After the Armistice of Mudros, the French Army had moved into Çukurova in accordance with the secret Sykes-Picot Agreement of 1916. On the one hand, that agreement gave France control of Ottoman Syria and southern Anatolia, including the key strategic locations of the fertile plain of Çukurova, the ports of Mersin and İskenderun (Alexandretta), and the copper mines in Ergani. On the other hand, the fertile lands of Mesopotamia and the vilayet of Mosul (where oil fields were suspected to exist) were priorities for the British. According to the agreement, the British would look after the cities of Antep, Marash and Urfa, until the French arrived in the southern Anatolian regions allocated to them in the agreement.

The French Armenian Legion under the command of General Edmund Allenby consisted of Armenian volunteers.

==French occupation of Anatolia==

===Black Sea landings===
After the armistice of Mudros, the first thing the French military did was to control the strategically important Ottoman coal mines in which French capital held significant stakes. The goal was both to take control of this energy source and to meet French military needs. It also prevented the distribution of coal in Anatolia, which could be used in activities to support insurgency.

On 18 March 1919, two French gunboats brought troops to the Black Sea ports of Zonguldak and Karadeniz Ereğli to command the Ottoman coal mining region. Because of the resistance they faced during their one-year stay in the region, French troops began to withdraw from Karadeniz Ereğli on 8 June 1920. They continued to pursue their occupation in Zonguldak, where they occupied the whole city on 18 June 1920.

===Constantinople and Thrace operations===
The main operations in Thrace aimed to support the strategic goals of the allies.
A French brigade entered Constantinople on 12 November 1918. On 8 February 1919, French general Franchet d'Espèrey—commander-in-chief of allied occupation forces in the Ottoman Empire—arrived in Constantinople to coordinate the occupation government.

The city of Bursa—a former Ottoman capital of central importance in northwest Anatolia—was also held by French forces for a brief period before the great summer offensive of the Greek army in 1920, at which time that city fell to the Greeks.

===Cilicia Campaign===

Southern Front Battles
| Battle | General | Date |
|---|---|---|
| Marash | Ali Fuat Cebesoy^{[citation needed]} | 20 Jan – 10 Feb 1920 |
| Urfa | Ali Saip Ursavaş | 9 Feb – 11 Apr 1920 |
| Antep | Ali Kılıç | 1 Apr 1920 – 9 Feb 1921 |
| Siege of Antep | Şefik Özdemir Bey | 5 August 1920 – 9 Feb 1921 |

The first landing took place on 17 November 1918 at Mersin with roughly 15,000 men, mainly volunteers from the French Armenian Legion, accompanied by 150 French officers. The first goals of that expeditionary force were to occupy ports and dismantle the Ottoman administration. On 19 November, Tarsus was occupied in order to secure the surroundings and prepare for the establishment of headquarters in Adana.

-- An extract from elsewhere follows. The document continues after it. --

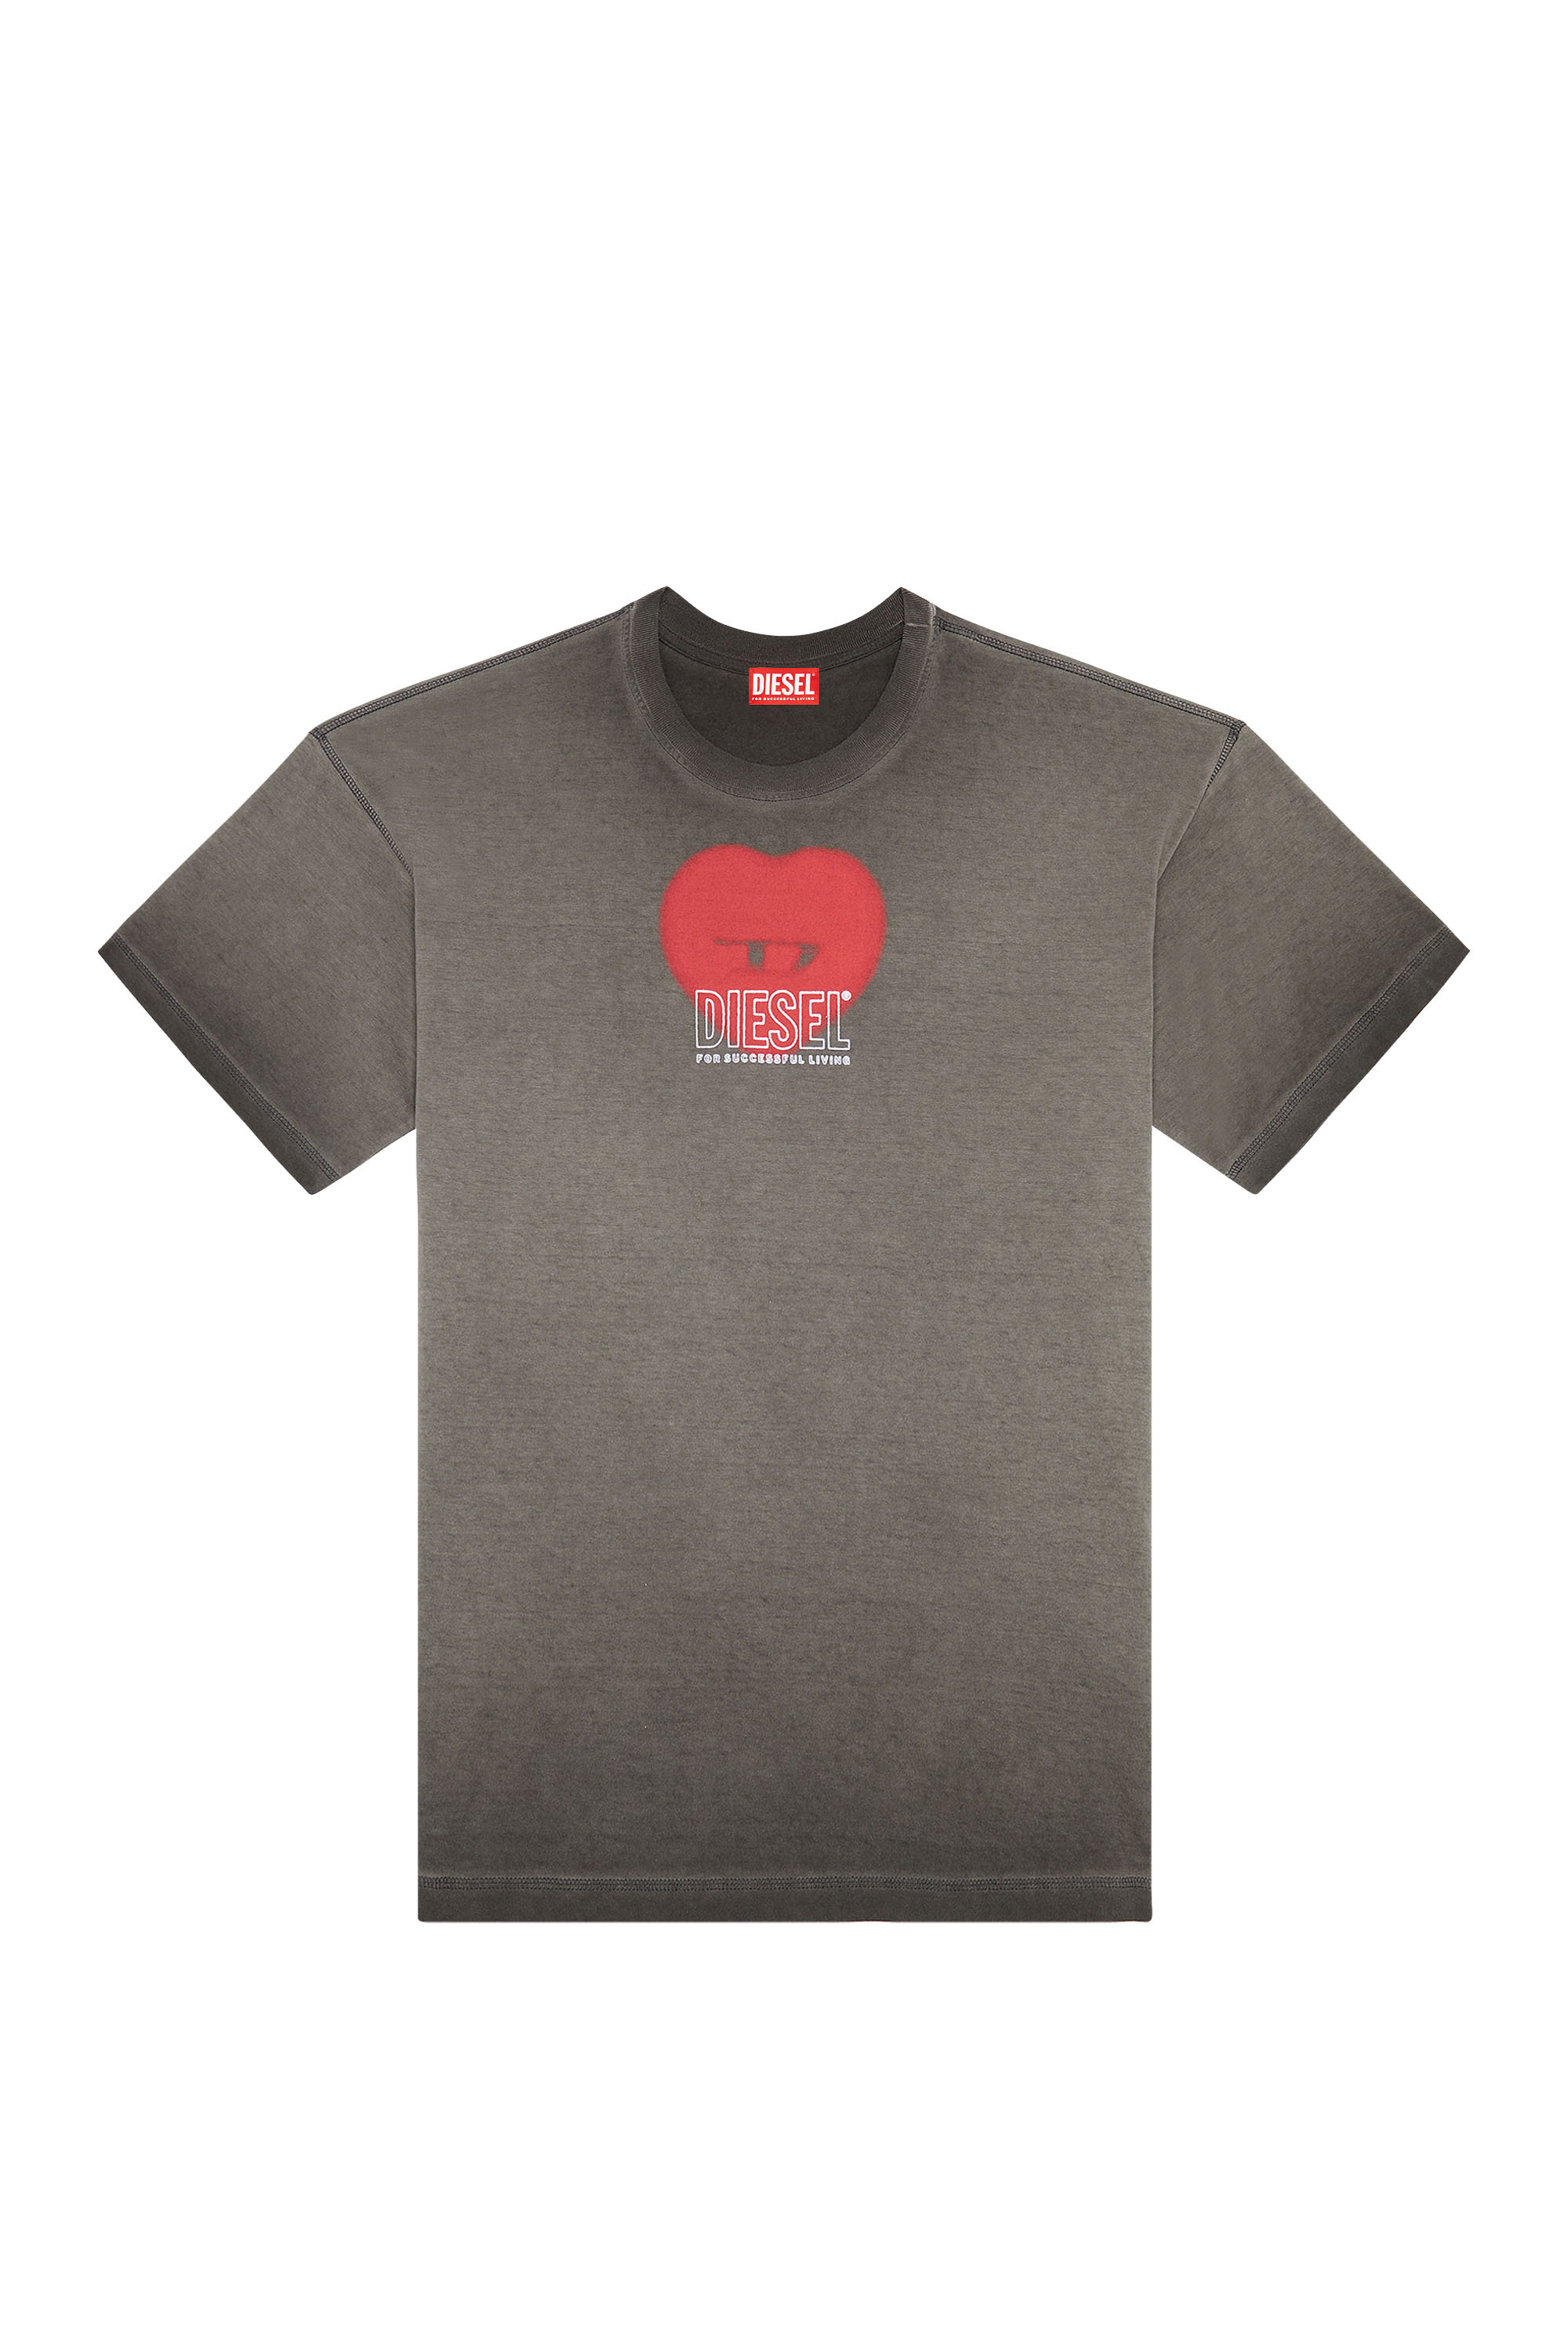 Diesel - T-BUXT-N4, Homme T-shirt avec imprimé cœur in Gris - Image 4

After the occupation of Cilicia proper at the end of 1918, French troops occupied the Ottoman provinces of Antep, Marash and Urfa in southern Anatolia at the end of 1919, taking them over from British troops as agreed.

At the eastern tip of the occupation zone in the south, the city of Mardin was also occupied for one day (on 21 November 1919) until the evening, when the French thought it better to abandon the occupation attempt.

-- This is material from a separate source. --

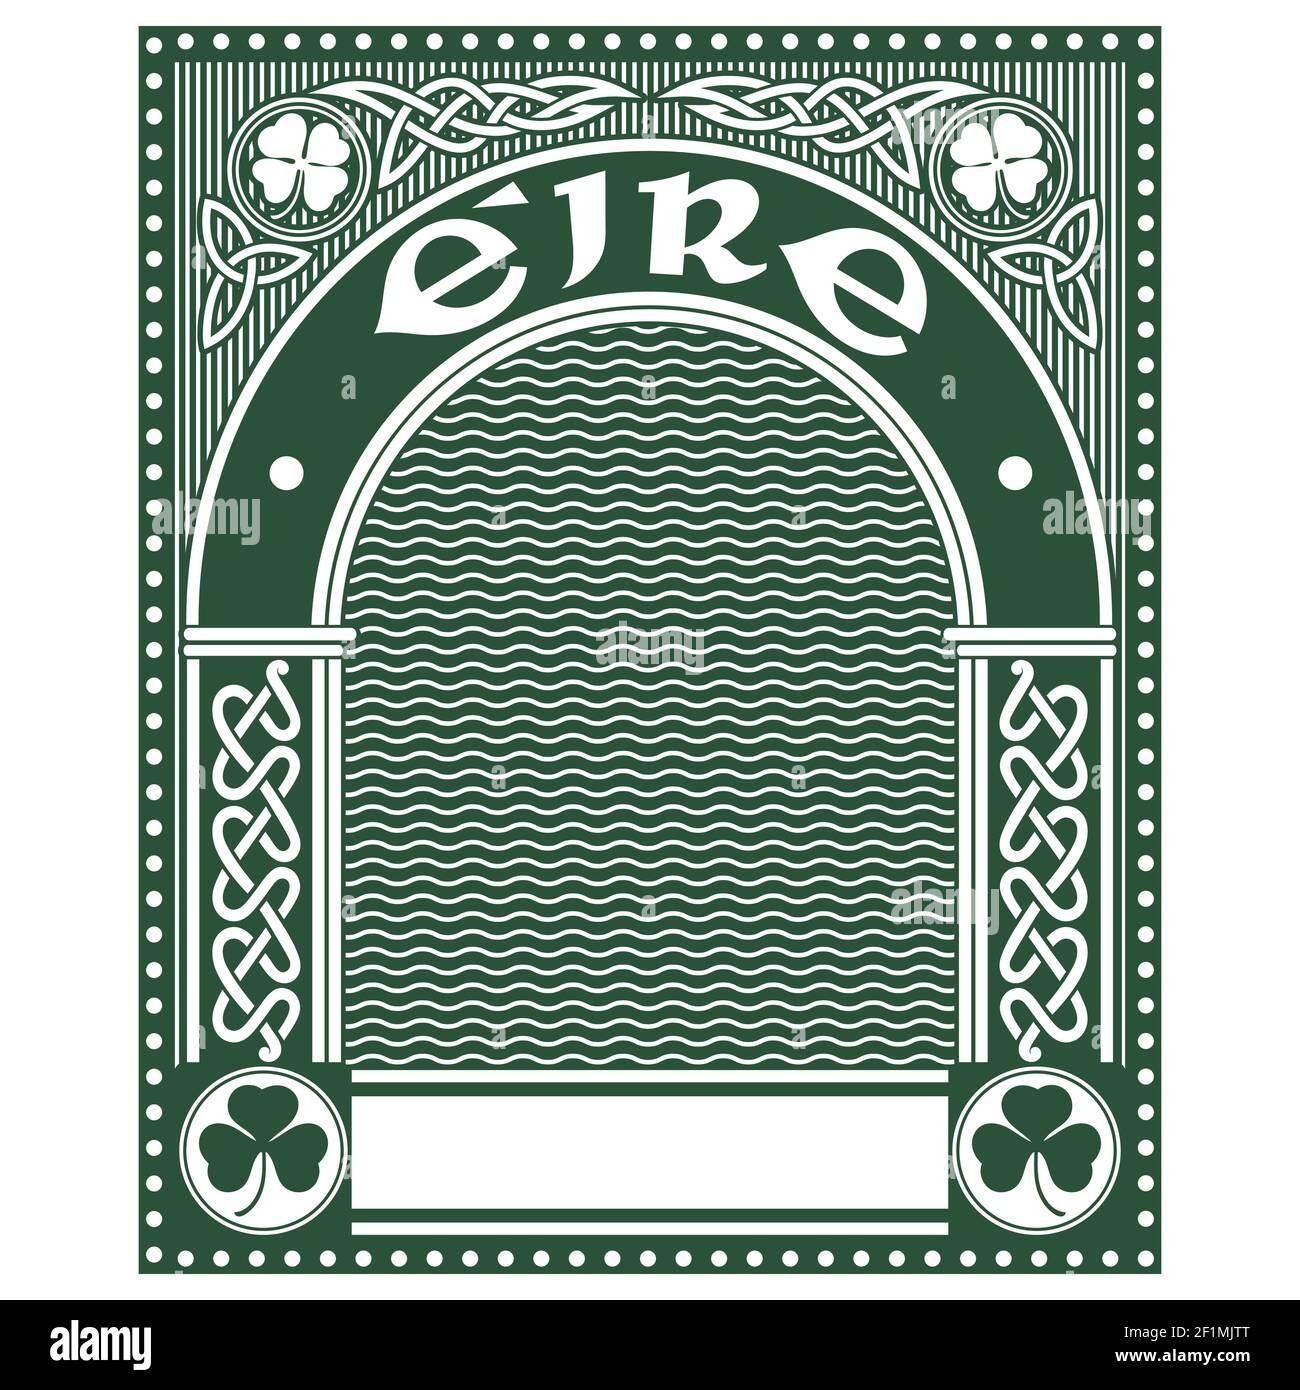 Irish Celtic Design im Vintage, Retro-Stil, Celtic-Stil Klee, Illustration zum Thema St. Patricks Day Feier Stock Vektor

France designated Édouard Brémond governor of the French occupation zone in the south from January 1, 1919 – September 4, 1920, and Julien Dufieux from September 1920–23 December 1921.

In the regions they occupied, the French encountered immediate resistance from the Turkish, especially because they had associated themselves with Armenian objectives. The French soldiers were foreign to the region and were using Armenian militia to acquire their intelligence. Turkish nationals had been in cooperation with Arab tribes in this area. Compared to the Greek threat, the French seemed less dangerous to Mustafa Kemal Pasha, who suggested that, if the Greek threat could be overcome, the French would not hold their territories in Turkey, especially as they mainly wanted to settle in Syria.

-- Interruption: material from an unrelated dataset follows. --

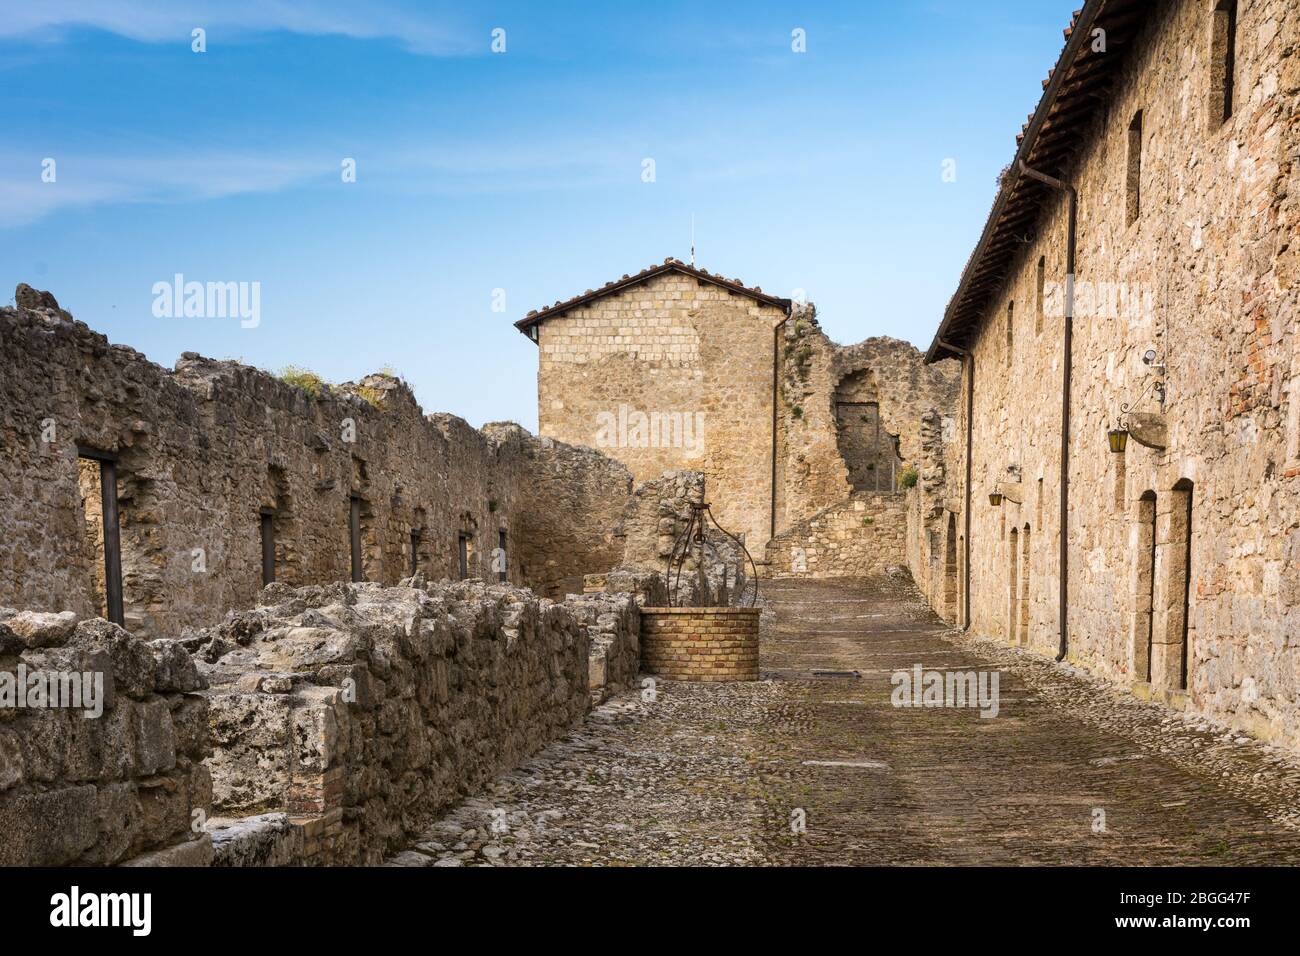 La Fortezza di Civitella del Tronto, Teramo: Fortezza medievale, esempio unico di architettura militare medievale in Abruzzo - Italia Foto Stock

The strategic goal of opening a southern front by moving Armenians against the Turkish National forces was a failure after the defeat of the Greek forces to the west.

On 11 February 1920, after 22 days of the Battle of Marash, the French occupation troops, followed by members of the local Armenian community, found themselves forced to evacuate Marash by the resistance and assaults of the Turkish nationals. The loss of the city was accompanied by large-scale massacres of the Armenian population, with thousands of victims. French Armenian Legion member Sarkis Torossian suspects in his diary that the French forces gave weapons and ammunition to the Kemalists to allow the French army safe passage out of Cilicia.

Marash militia forces contributed further to the war effort by taking part in the recapture of other centers in the region, forcing the French forces to retreat gradually, town by town.

===End of hostilities===

The Cilicia Peace Treaty between France and the Turkish National Movement was signed on 9 March 1921. It was intended to end the Franco-Turkish war, but failed to do so and was replaced in October 1921 with the Treaty of Ankara signed by representatives of the French and the Turks on 20 October 1921, and finalized with Armistice of Mudanya.

===Atrocities===

During the French occupation of southern Anatolia, heavy combat took place in Marash, Aintab, and Adana. Most of these cities were destroyed in the process with large civilian suffering. For example, during the Kaç Kaç incident, French aircraft indiscriminately bombed the 40,000 fleeing Turkish civilians in the Çukurova area, as well as the Belemedik hospital. During the occupation and military campaigns, French troops also raped many Turkish women. French soldiers also engaged in attacks, massacres and robbery of Turkish civilians in the countryside.

==Withdrawal and population movements==

The French forces withdrew from the occupation zone in the first days of 1922, about ten months before the Armistice of Mudanya. Beginning on 3 January, French troops evacuated Mersin and Dörtyol. On 5 January they left Adana, Ceyhan and Tarsus. The evacuation was completed on 7 January with the last troops leaving Osmaniye.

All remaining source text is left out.